Reflecting on the crisis facing the UK prison system ahead of the government’s sentencing review, Mr Timpson said a major problem was the high rate of reoffending, saying “80% of offending is reoffending”.
He said people were leaving places like HMP Preston “addicted to drugs, nowhere to live, mental health problems – and that’s why they keep coming back”.
Asked whether every prison had a drugs issue, he replied: “100%.”
“If we want to keep the public safe, we need to do a lot more of the work in here and in the community. But also we need to build more prisons.”

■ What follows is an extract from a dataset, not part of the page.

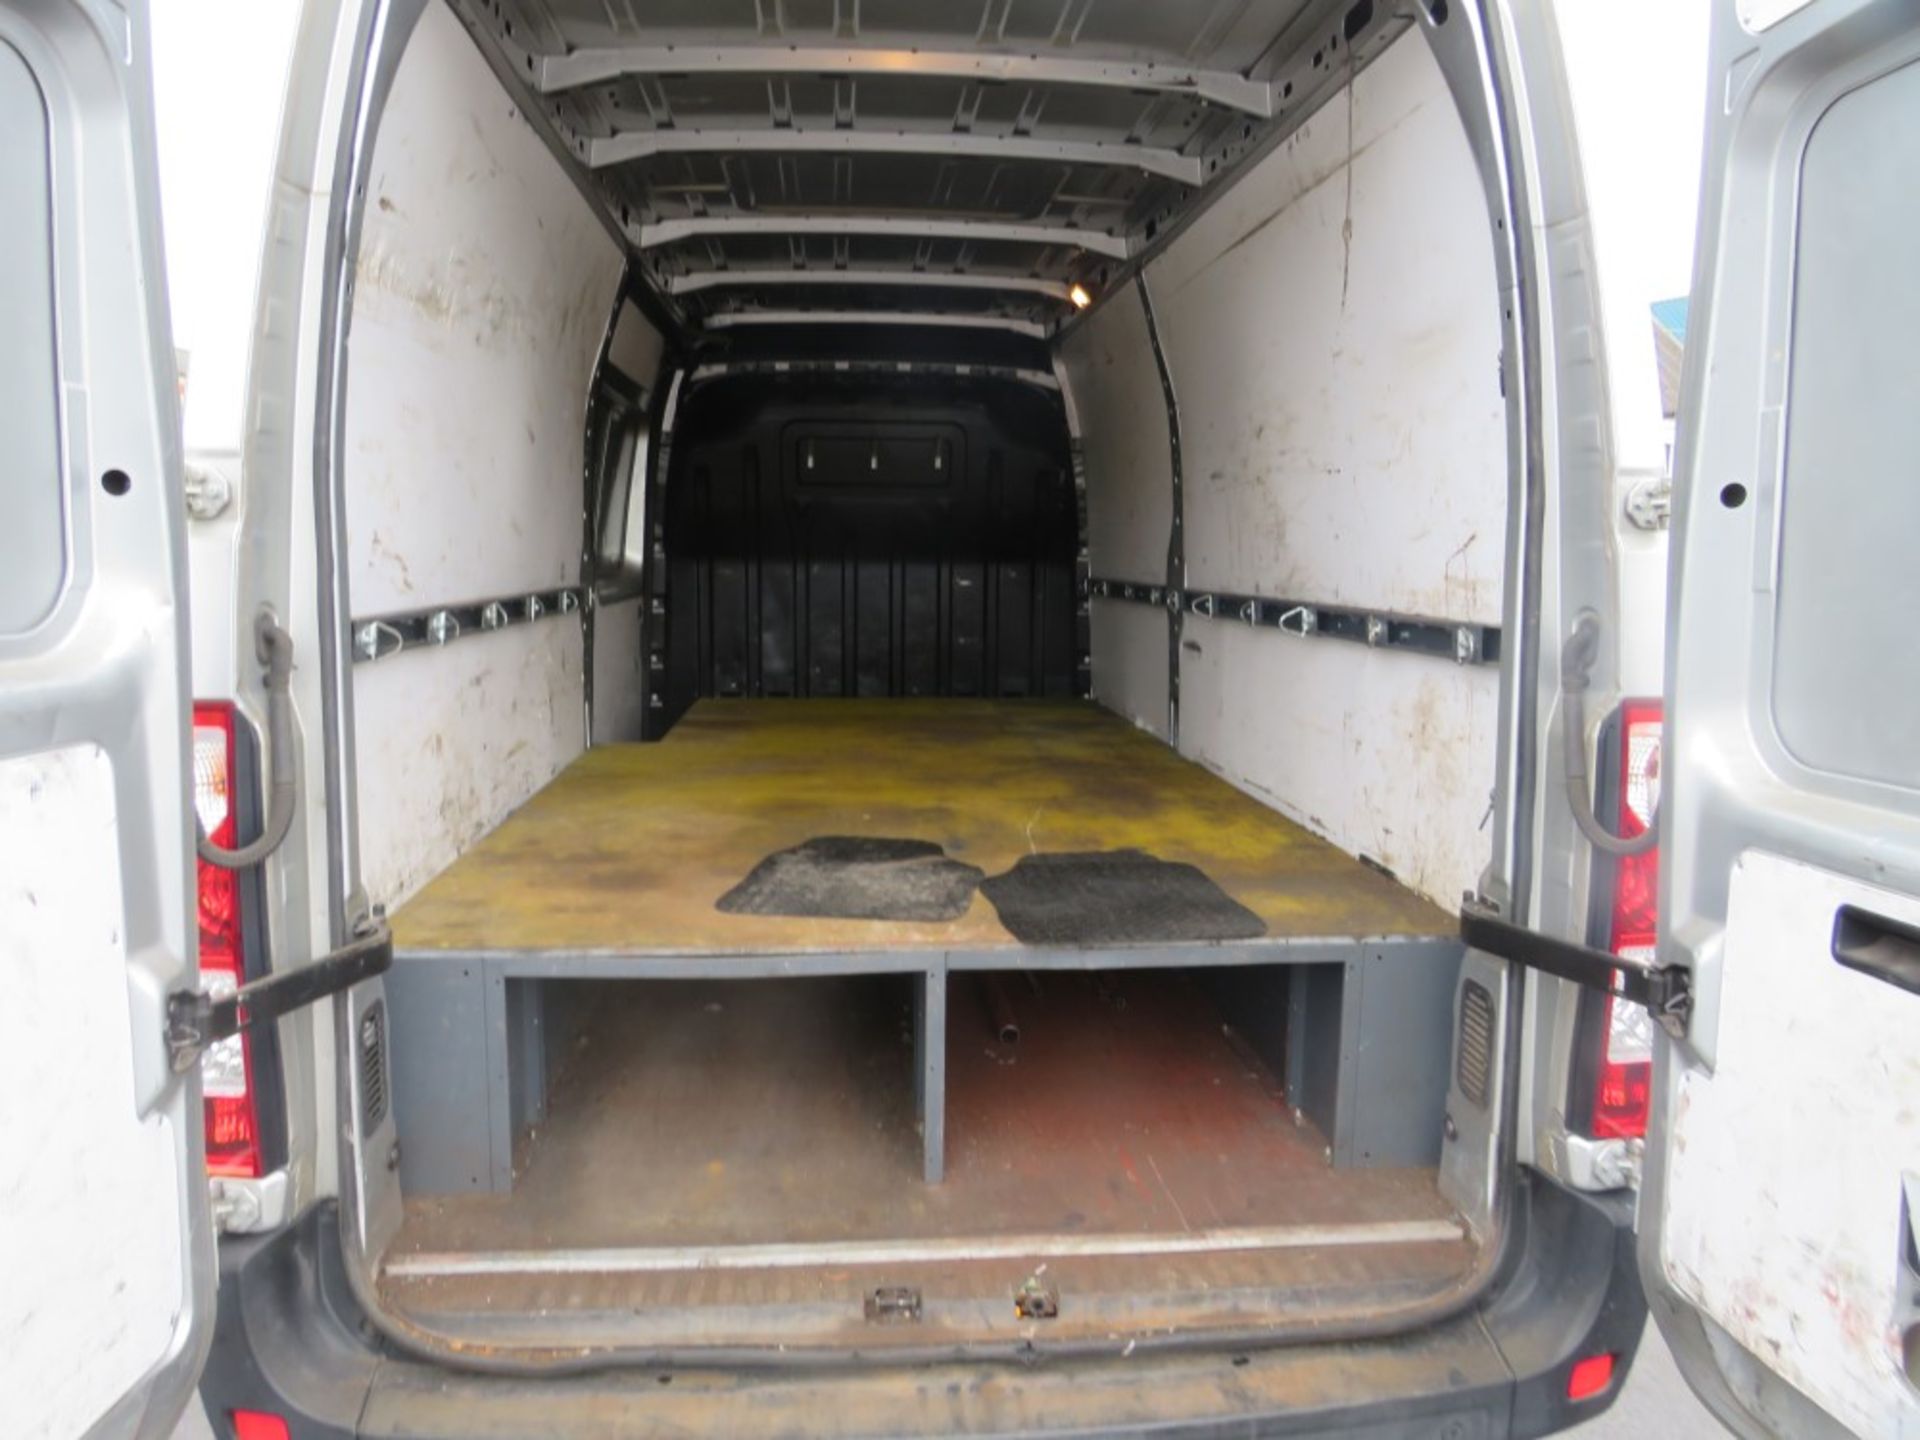 15 reg VAUXHALL MOVANO F3500 CDTI, 1ST REG 05/15, TEST 05/20, 106558M WARRANTED, V5 HERE, 1 OWNER - Image 5 of 6

Put to him that making more use of community sentences – thought to be one of the recommendations in the government’s sentencing review – might be considered a “cushy option” compared to a custodial sentence, Mr Timpson said: “There are some people in this prison tonight who would prefer to be in prison than do a community sentence – but that’s not everybody.
“Community sentences need to be tough punishments outside of prison, not just to help them address their offending behaviour, but also the victims need to see punishments being done too and for me, technology has a big part to play in the future.”